- PROBLEM REQUIREMENTS -
Excluding pictures, reproduce word for word the lines from the one containing "Brésil, un nouveau" through the end of the material below.

- MATERIAL PROVIDED -
▬▬▬▬▬▬

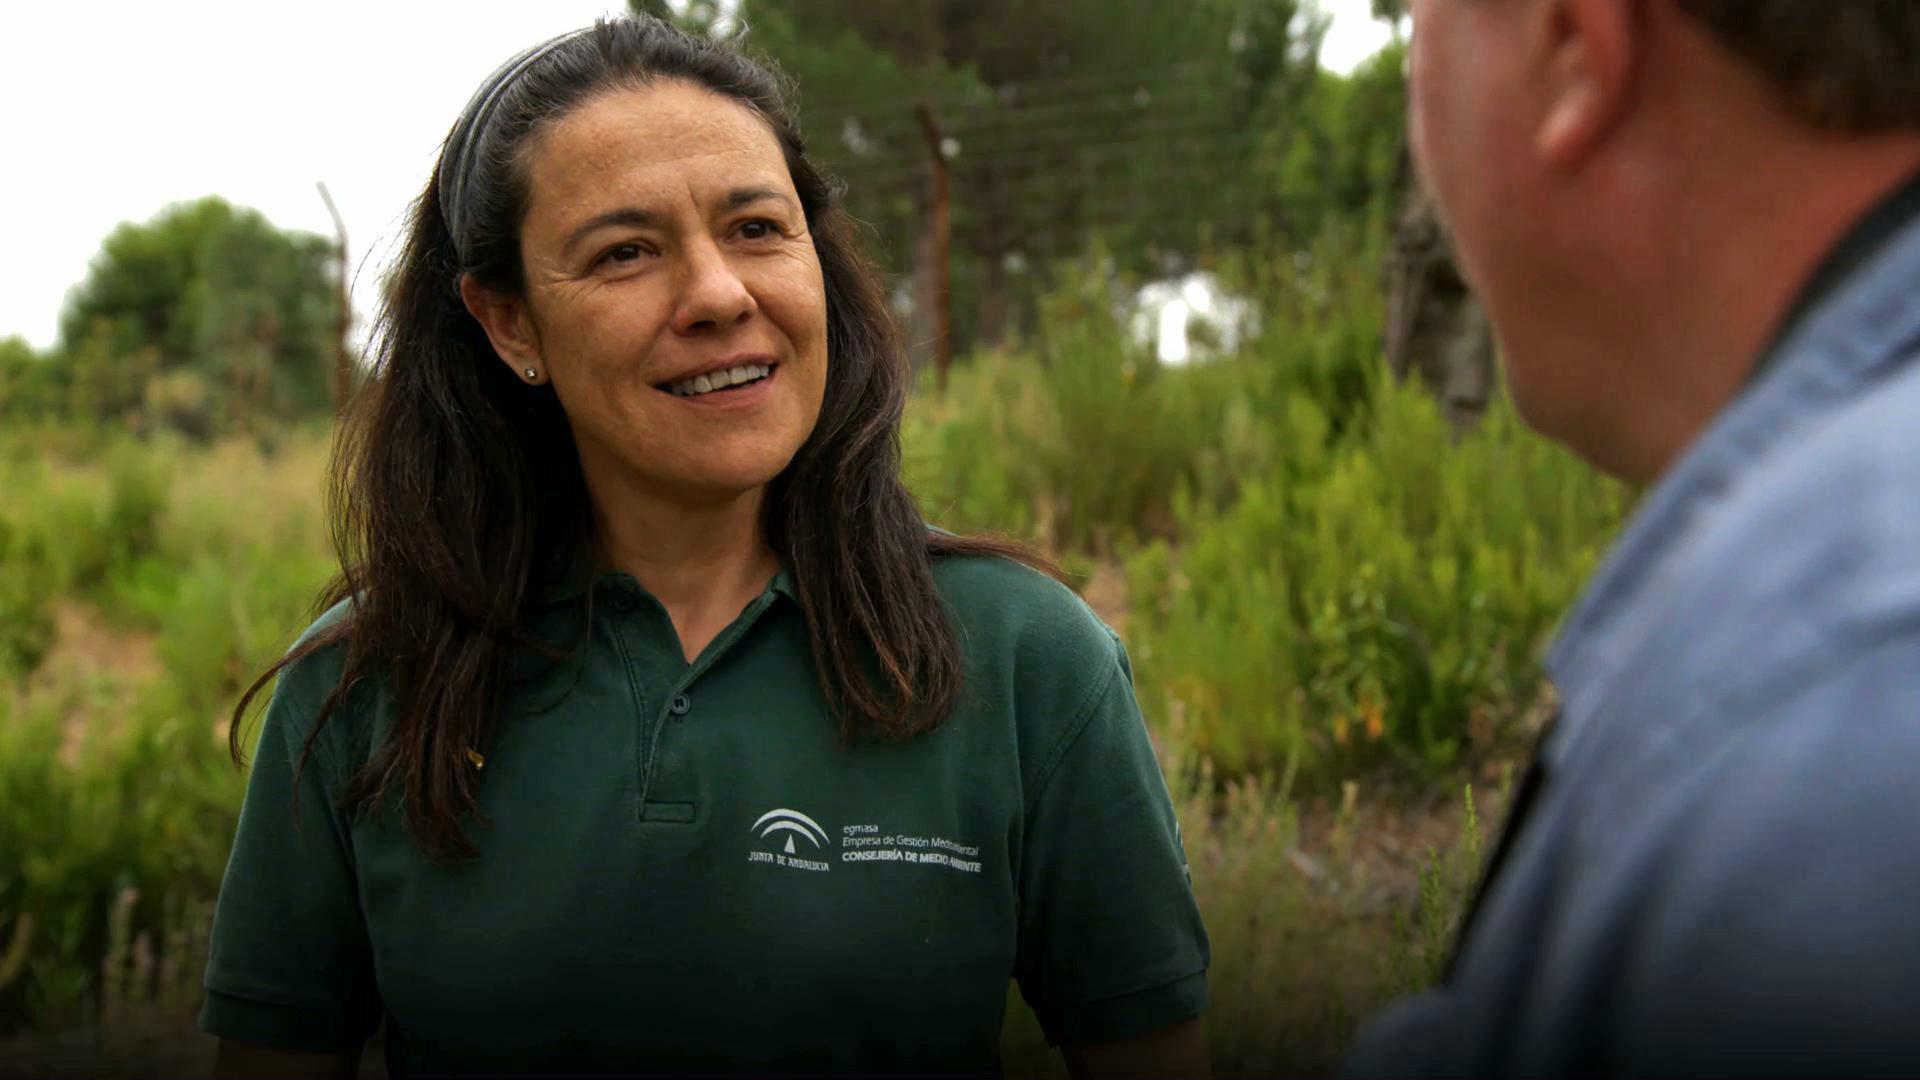 RARE Heroes: María José - 1:15 - Meet María José Pérez Aspa, a veterinarian in Madrid.
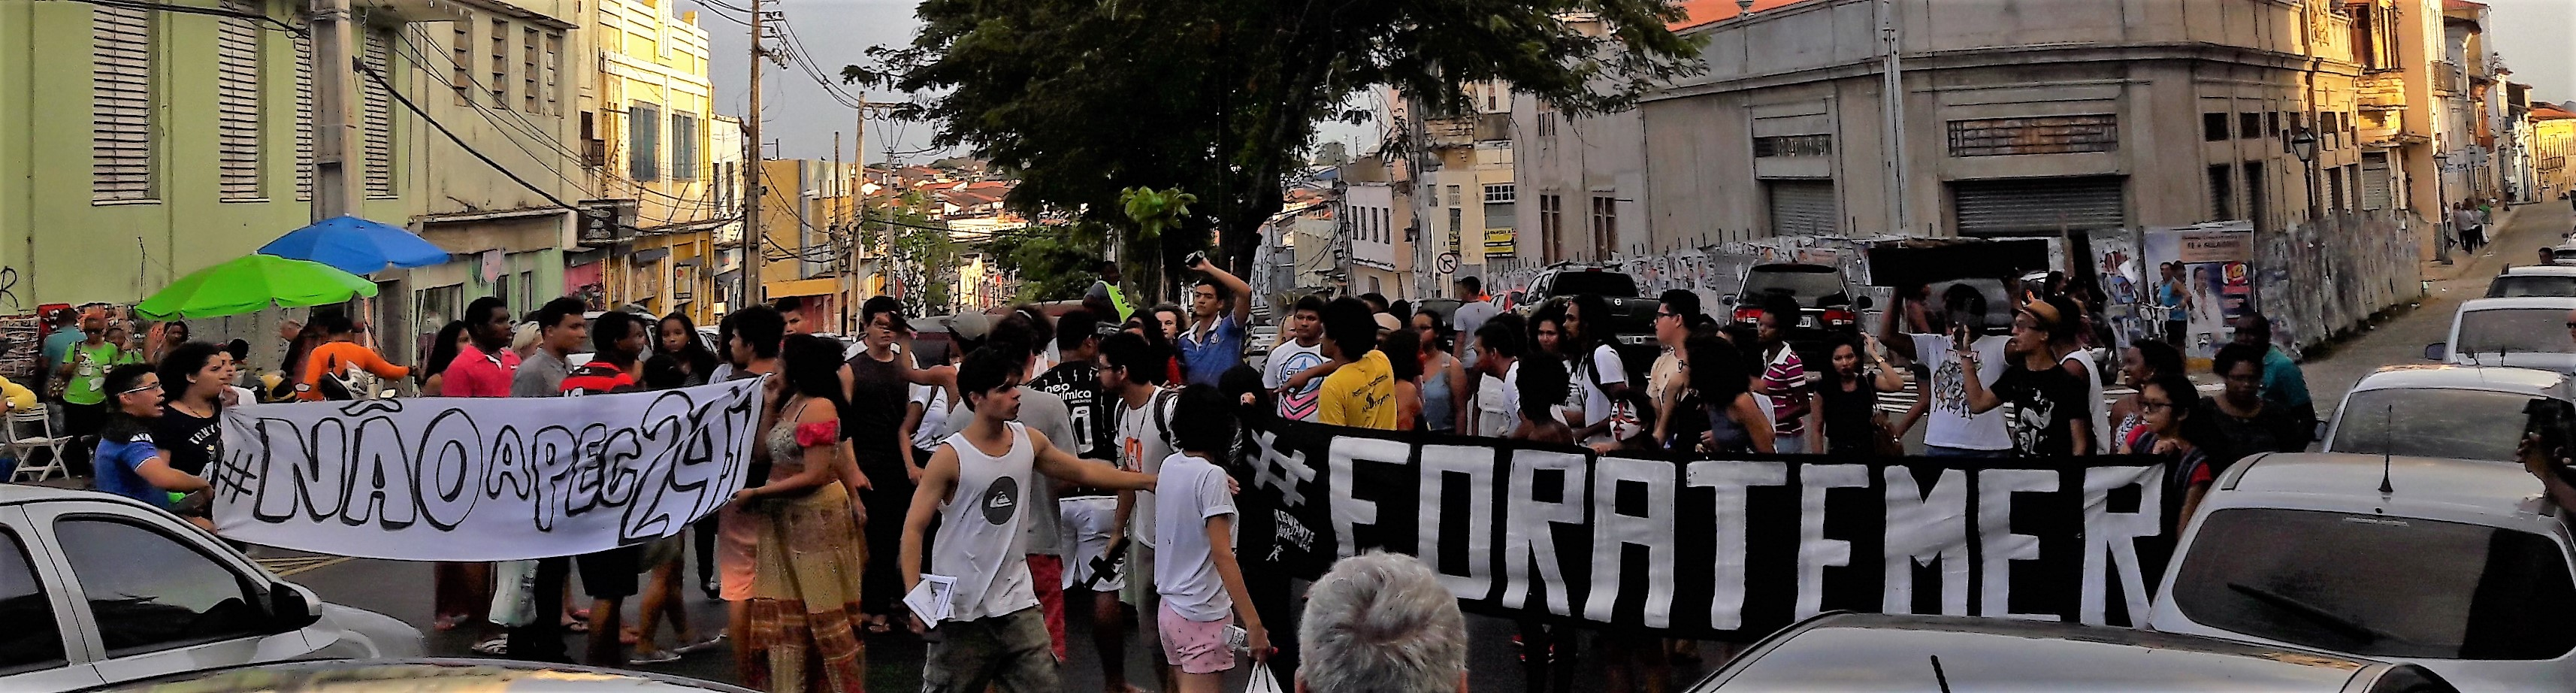 Brésil, un nouveau visage de la lutte des classes
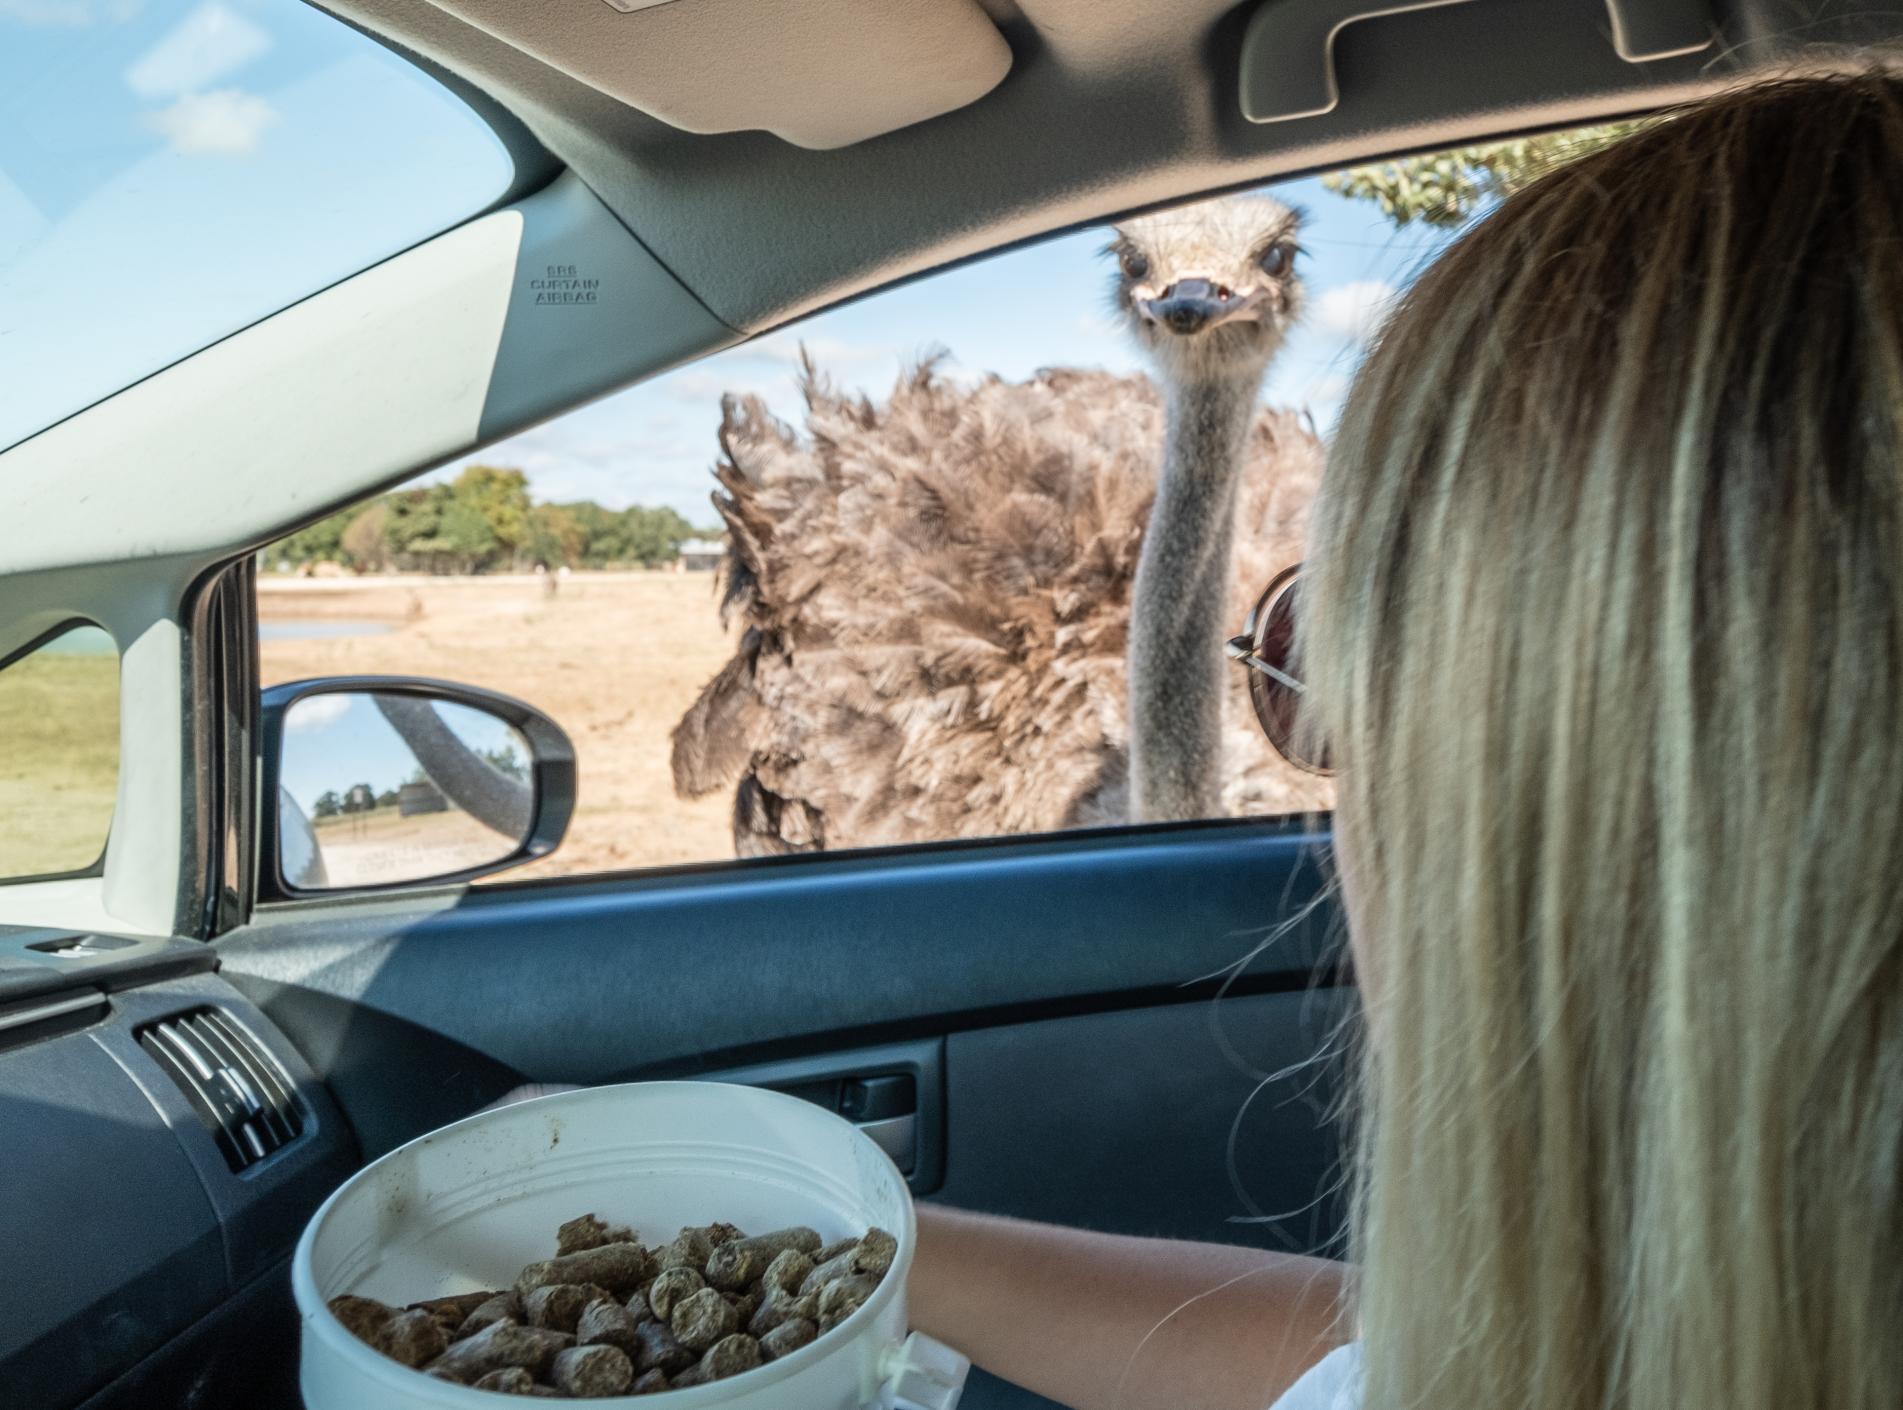 Aggieland Safari Drive-Thru Ostrich

▬▬▬▬▬▬

- ANSWER BOX -
 Brésil, un nouveau visage de la lutte des classes
 Aggieland Safari Drive-Thru Ostrich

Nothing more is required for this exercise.